Project Title: Identification of precision therapeutics for Alzheimer's disease prevention and treatment

Principal Investigator: PhD Francesca Vitali

Data Manager: PhD Francesca Vitali

Collaborators: Simona Merlini

Project Rationale: Alzheimer's disease (AD) is a progressive neurodegenerative disease that affects 5.8 million people in US with no effective therapeutic. Therapeutics to prevent, delay and treat AD are urgently needed. The management and treatment of AD risk factors, such as diabetes and hypertension, might delay or prevent AD onset. To this point, an untreated risk factor generates a cascade that with time increases in complexity and ultimately results in AD. Our aim is to select risk factor profiles that are targetable with a drug class and assess if a therapeutic or a combination of therapeutics can disrupt the risk cascade modifying AD onset.

1. Data Description¶

We use data from the UK Biobank to characterize the impact of therapeutics targeting AD risk factors has on AD and cognitive impairment. UK Biobank is a large-scale biomedical database and research resource, containing in-depth genetic and health information from half a million UK participants. The database is regularly augmented with additional data and is globally accessible to approved researchers.

2. Data Collection¶

UK Biobank is a world-leading biomedical database to enable scientific discoveries that improve human health. UK Biobank has Research Tissue Bank Approval till 2026 and through access to an unmatched amount of biological and medical data on half a million people living in the UK. Below, the main characteristics of the study:

UK Biobank is a longitudinal study; it follows the health of 500,000 volunteer participants.
Participants were aged between 40-69 years when they joined UK Biobank between 2006-2010.
Each participant attended a baseline assessment at a centre in England (89%), Scotland (7%) and Wales (4%).
Participants provided their consent for long-term follow-up.
Participants answered lots of questions about their health & lifestyle.
Participants donated samples of blood, urine and saliva for long-term storage and analysis.
Physical measurements were also taken (e.g. height, weight, spirometry, blood pressure, heel bone density).
Many participants have undertaken MR brain & heart imaging, activity monitoring and online follow-up questionnaires.
We have genetic data on all 500,000 participants.
UK Biobank is not representative of the general population with evidence of a ‘healthy volunteer’ selection bias, details of which are published online.

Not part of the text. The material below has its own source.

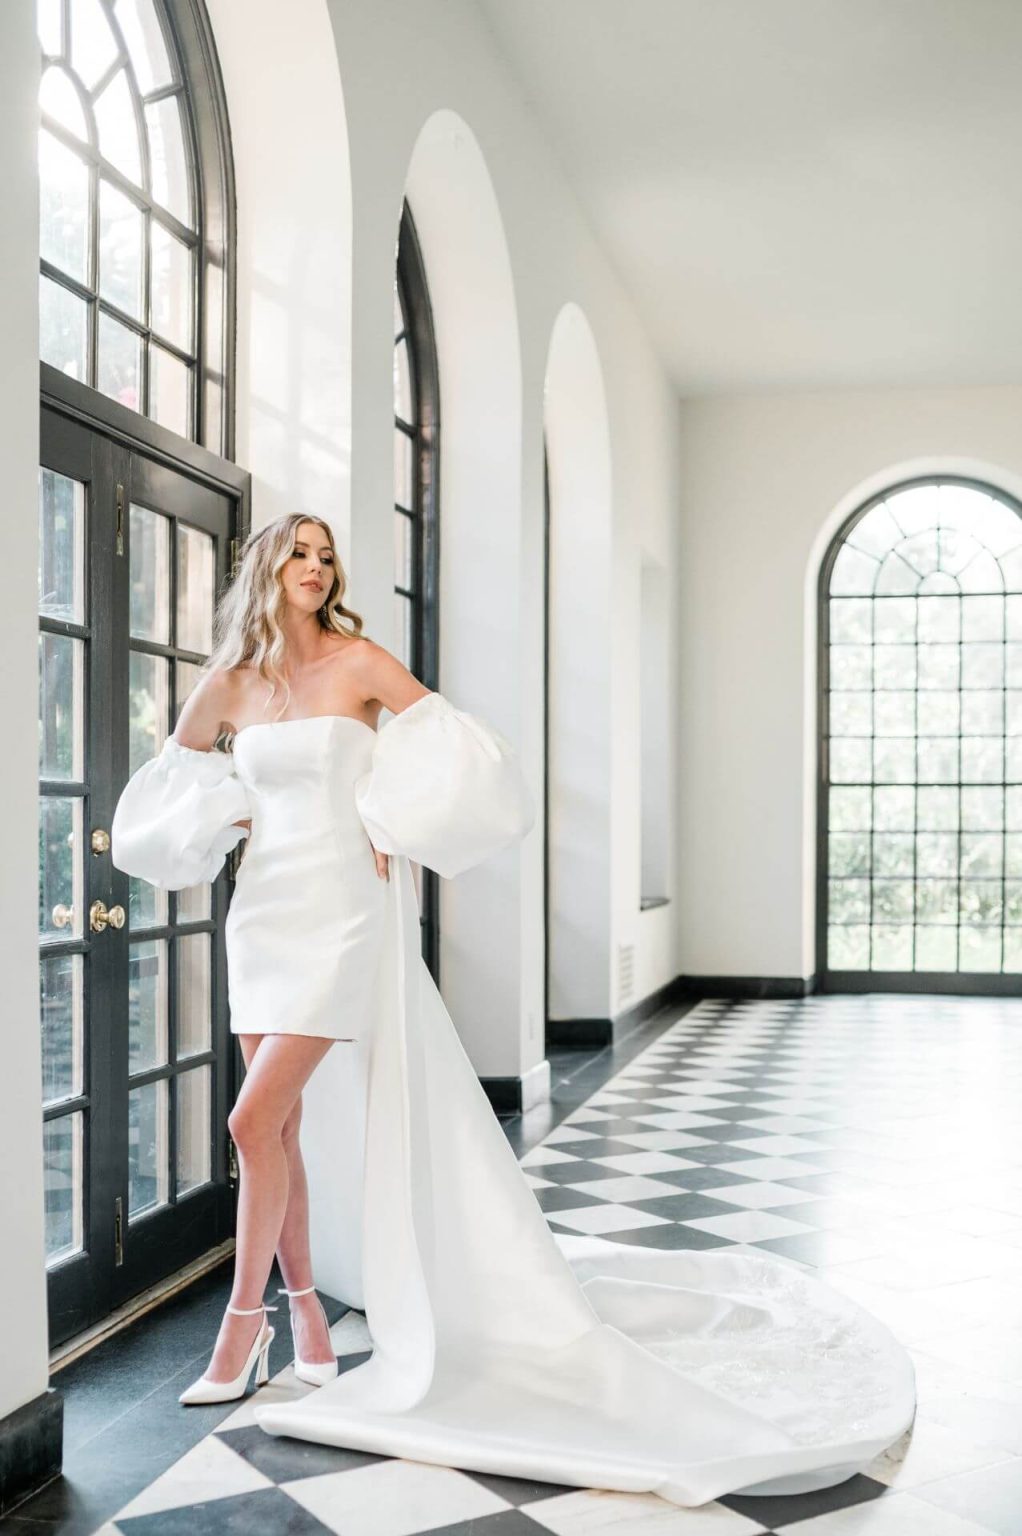 ️ 4 Essential Considerations When Choosing Your Perfect Wedding Dress

UK Biobank is linked to the health-related records of the participants (through cancer and death registries and through hospital episode and primary care data) and in time to a range of other health-related records (further details are available on UK Biobank’s website).

3. Data Extraction¶

For the UK Biobank dataset, Research Analysis Platform will be used to access and download the data.

4. Data Storage and Backup¶

There is no data-archiving as the data are 'owned' by the UK Biobank, we are only allowed to use it as long as the project runs. The original data remains at the UK Biobank and can be downloaded/obtained from them at any time when needed. Therefore, there are only costs for data access/right ('Maintenance Dataset'), and the datamanager ('Division') and data analysis tool/storage ('Other'). The data downloaded are stored in individual Box-health folder for each accepted researcher. In the event the data are deleted we can re-download these from the UK Biobank servers.

5.Data Protection and Security¶

The data downloaded from the UK Biobank website are stored in a Box-Health folder that can not be shared with noone beside the owner of the folder. The folder is password-protected.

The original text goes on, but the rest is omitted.